Tropical Fish
- Tropical Fish by Doreen Baingana
- Author: Doreen Baingana
- Language: English
- Publisher: University of Massachusetts Press
- Publication date: 2005
- Publication place: Uganda
- Media type: Print (hardback & paperback)
- Pages: 184
- ISBN: 978-1-55849-477-0

= Tropical Fish (book) =

2005 book by Doreen Baingana

Tropical Fish is a short story collection, published in 2005, by Ugandan author Doreen Baingana. It revolves around the lives of a family based in Entebbe, Uganda. It follows Christine, Patti and Rosa the daughters of a relatively well off family whose father, a senior government official, becomes an alcoholic and loses everything, starting with his job. Through it all the mother has to support her family on her own. It follows the lives of the three sisters. It touches religious influence in Africa, boarding school life in missionary schools, first love, superstition, inevitably AIDS, love across the colour with a sugar-daddy syndrome, the sense of alienation that comes with migrating to another country (USA), and that of displacement after coming back home. Rosa, the eldest sister, was promiscuous and died of AIDS. Patti the middle sister, became a born-again Christian.

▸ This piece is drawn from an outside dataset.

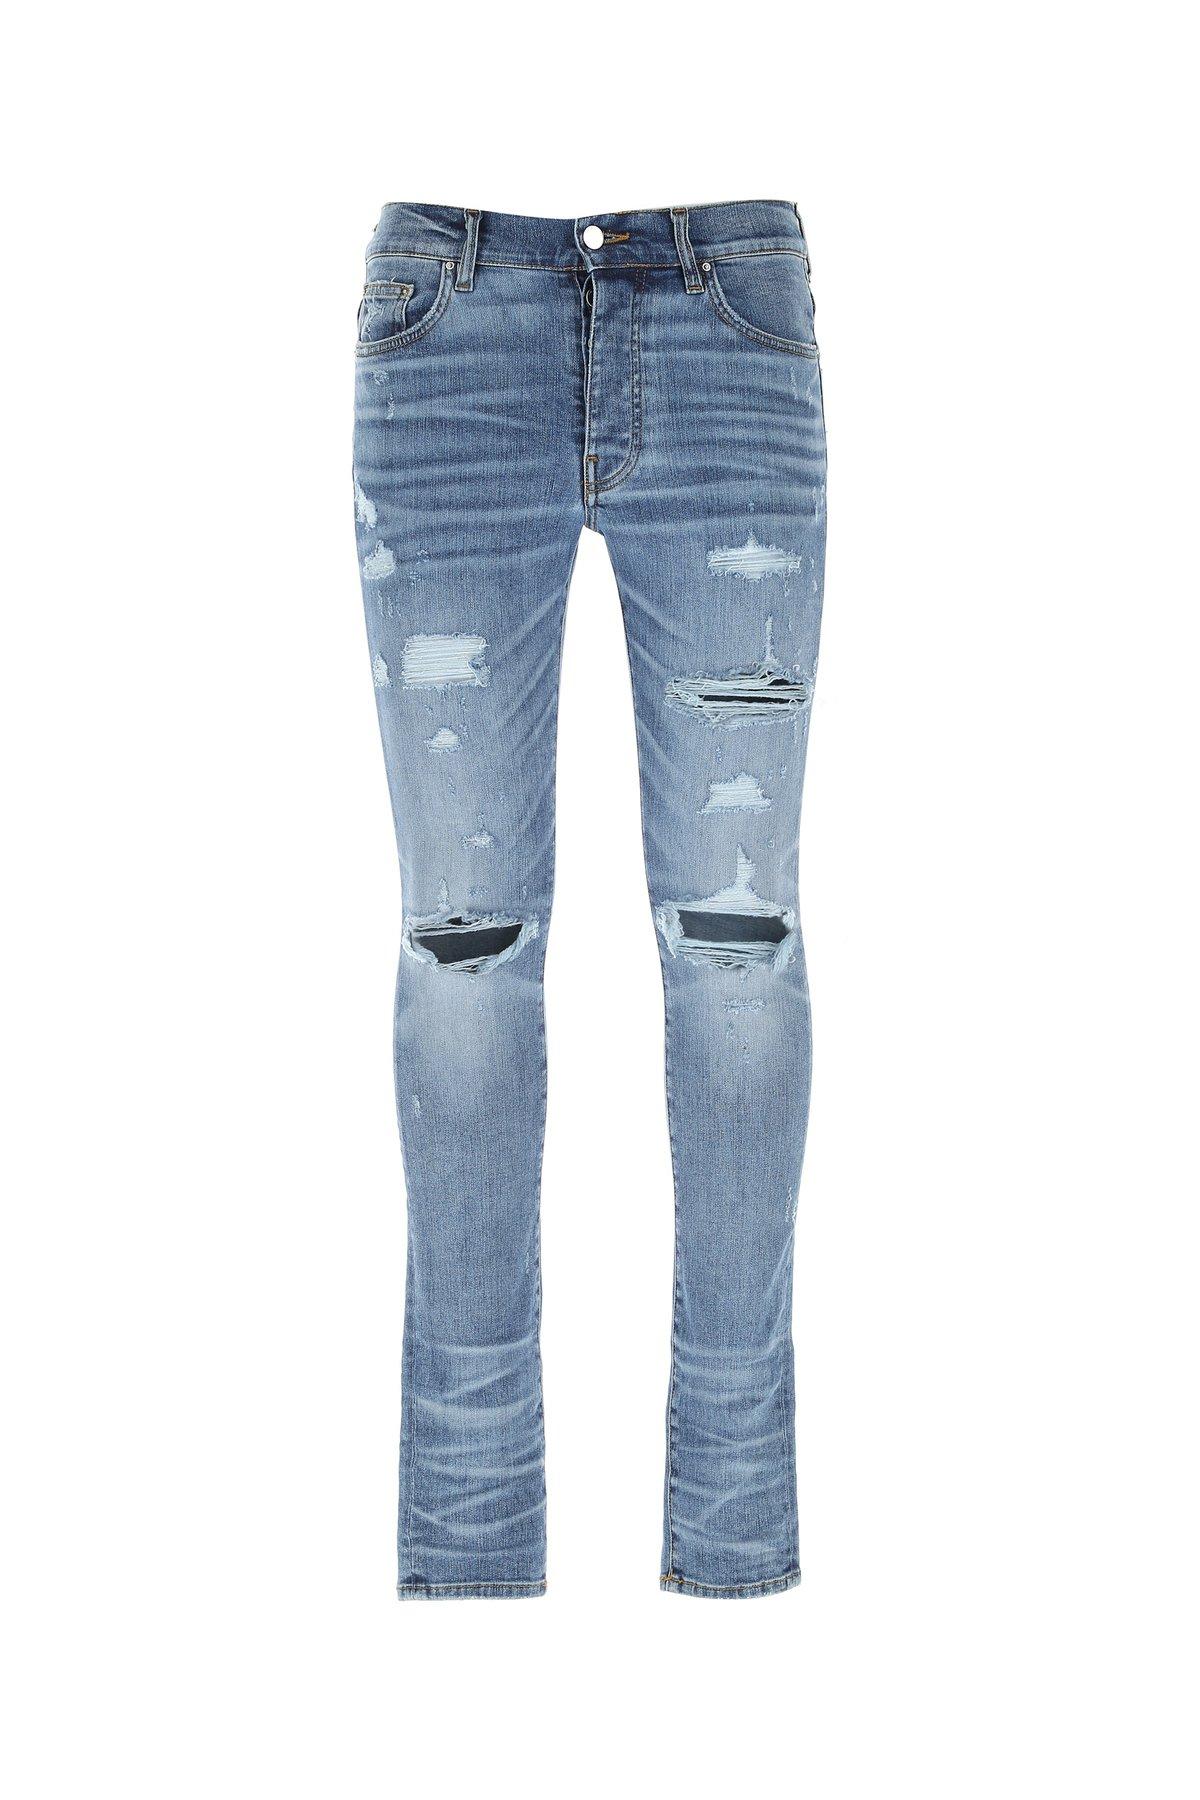 Amiri Denim Thrasher Plus' Distressed Skinny Jeans in Blue for Men

And Christine, the youngest, went to Los Angeles and came back eight years later to pick up a job amidst the struggles of discovering her inner self.

==Stories==
Tropical Fish is a collection of eight short stories: "Green stones", "Hunger", "First Kiss", "Passion", "A thank-you note", "Tropical Fish ", "Lost in loss angeles" and "Questions of Home". The majority of the stories center on the youngest daughter, Christine.

"Tropical Fish" is about Christine's college years when she drifted into an affair with a wealthy, undemanding white man who sold tropical fish. He and his home offered her an escape from the pressures of her ordinary life. In his luxurious house, she could glory in little things, like the abundance of water coming from the tap rather than having to be carried home in a bucket. She had not wanted the man himself, but just "a few hours free from myself".

"Green Stones" is about the early lives of the Mugisha family. It focused mostly on Christine, who recounts her story of the things that fascinate her as a child.

In "Hunger", Patti is the focus of the story which is told through her diary. Patti communes with hunger at Gayaza Secondary School where she is a boarder. She nearly subdues hunger with obsessive religiosity. However, religion almost always fails her. In fighting hunger, she loses dignity.

In "First Kiss", Christine's first kiss changes everything for her; her womanhood immaturely blossoms at a pre-teen stage.

In "Lost in Los Angeles", Christine seemingly survives all to find rescue in Los Angeles. She struggles to define herself as she finds meanings to her life.

==Awards==
- Commonwealth Writers Prize First Book Award (Africa region) in 2006.
- Associated Writers and Writing Programmes Award for short fiction.